▶ **Problem to solve**:
Your answer should be the lines below from the one with "Cristiano Ronaldo Signed" to the one with "Baumwolle Benetton aus", both included, given again exactly and with nothing added.

▶ **Input**:
>>>>

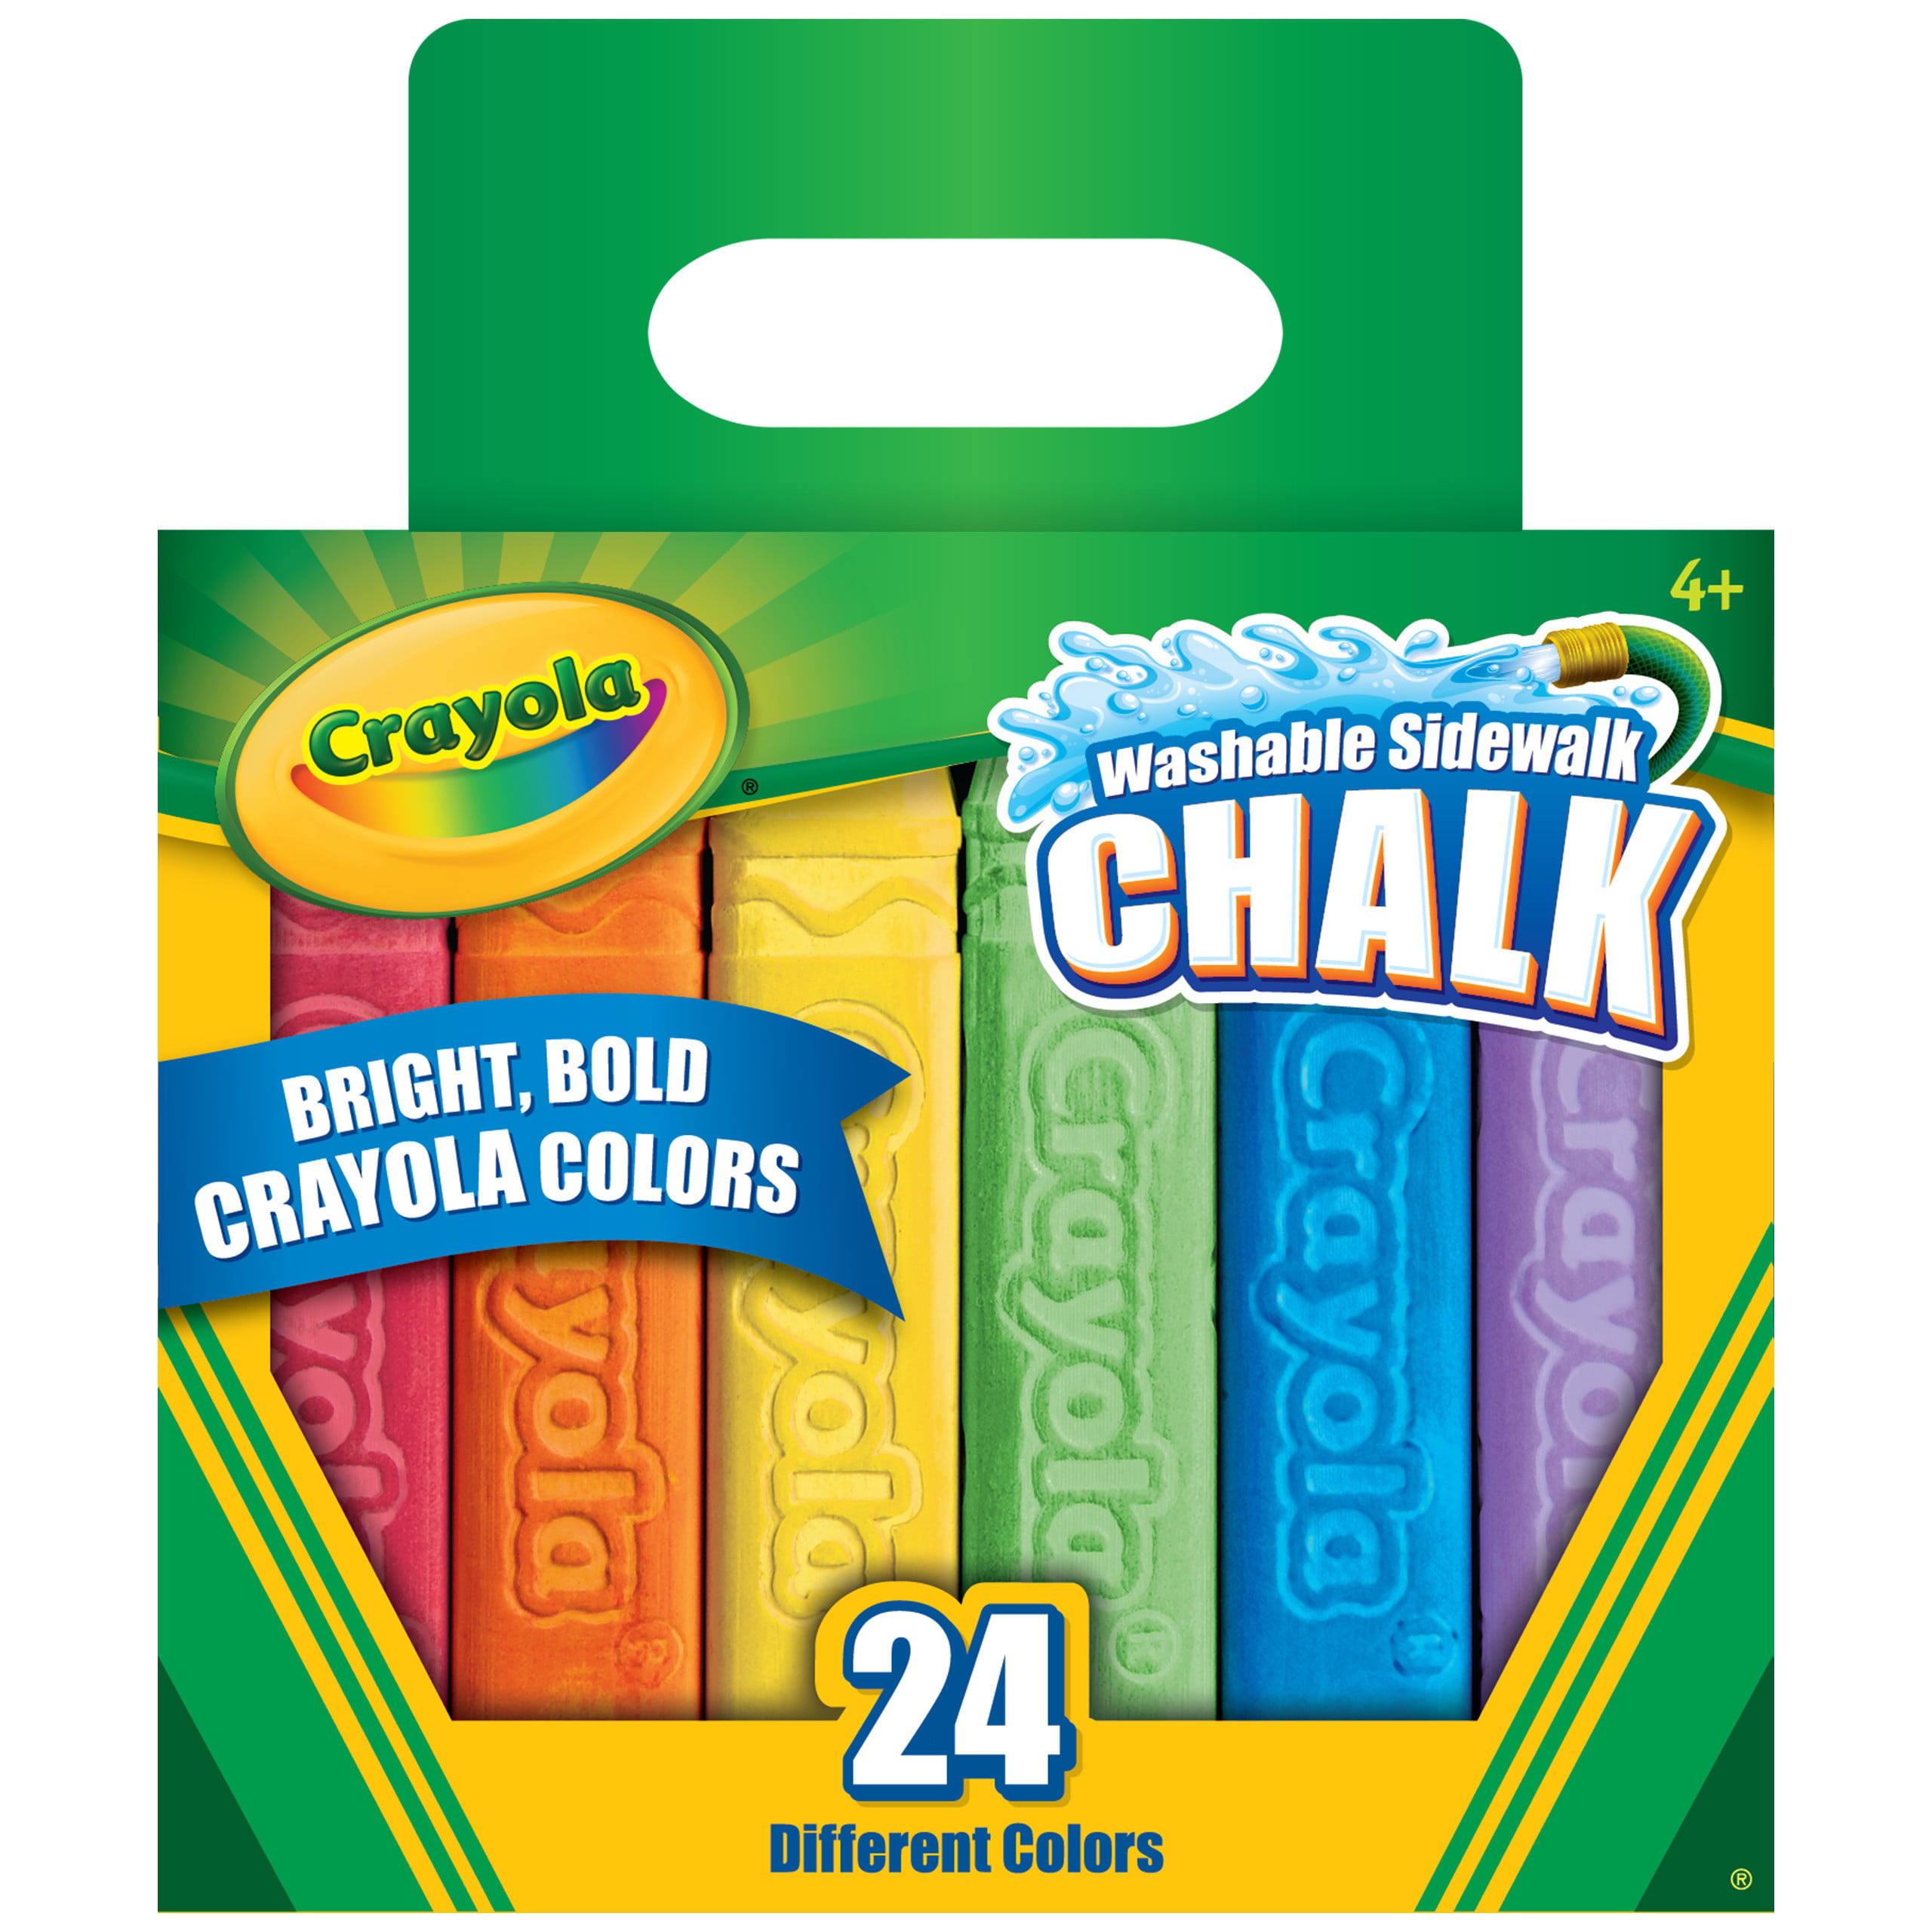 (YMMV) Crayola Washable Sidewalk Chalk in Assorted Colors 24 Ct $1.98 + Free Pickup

<<<<
>>>>

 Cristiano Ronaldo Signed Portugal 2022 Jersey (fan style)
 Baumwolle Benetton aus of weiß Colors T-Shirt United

<<<<
>>>>

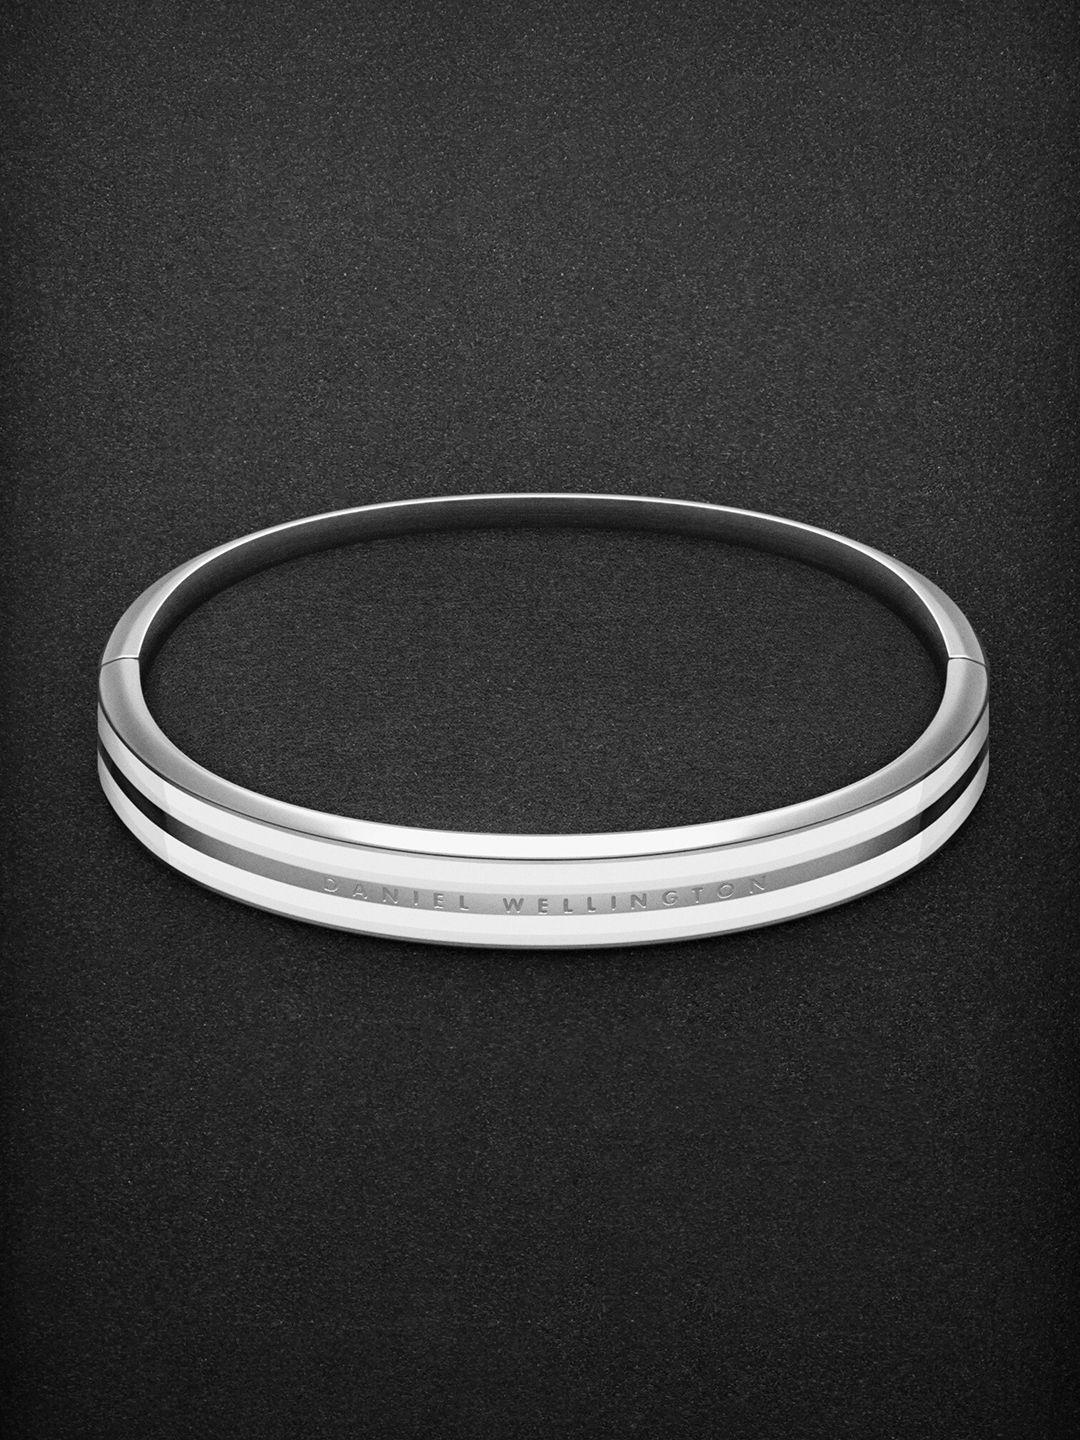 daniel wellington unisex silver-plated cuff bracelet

<<<<

▶ **Expected answer**:
 Cristiano Ronaldo Signed Portugal 2022 Jersey (fan style)
 Baumwolle Benetton aus of weiß Colors T-Shirt United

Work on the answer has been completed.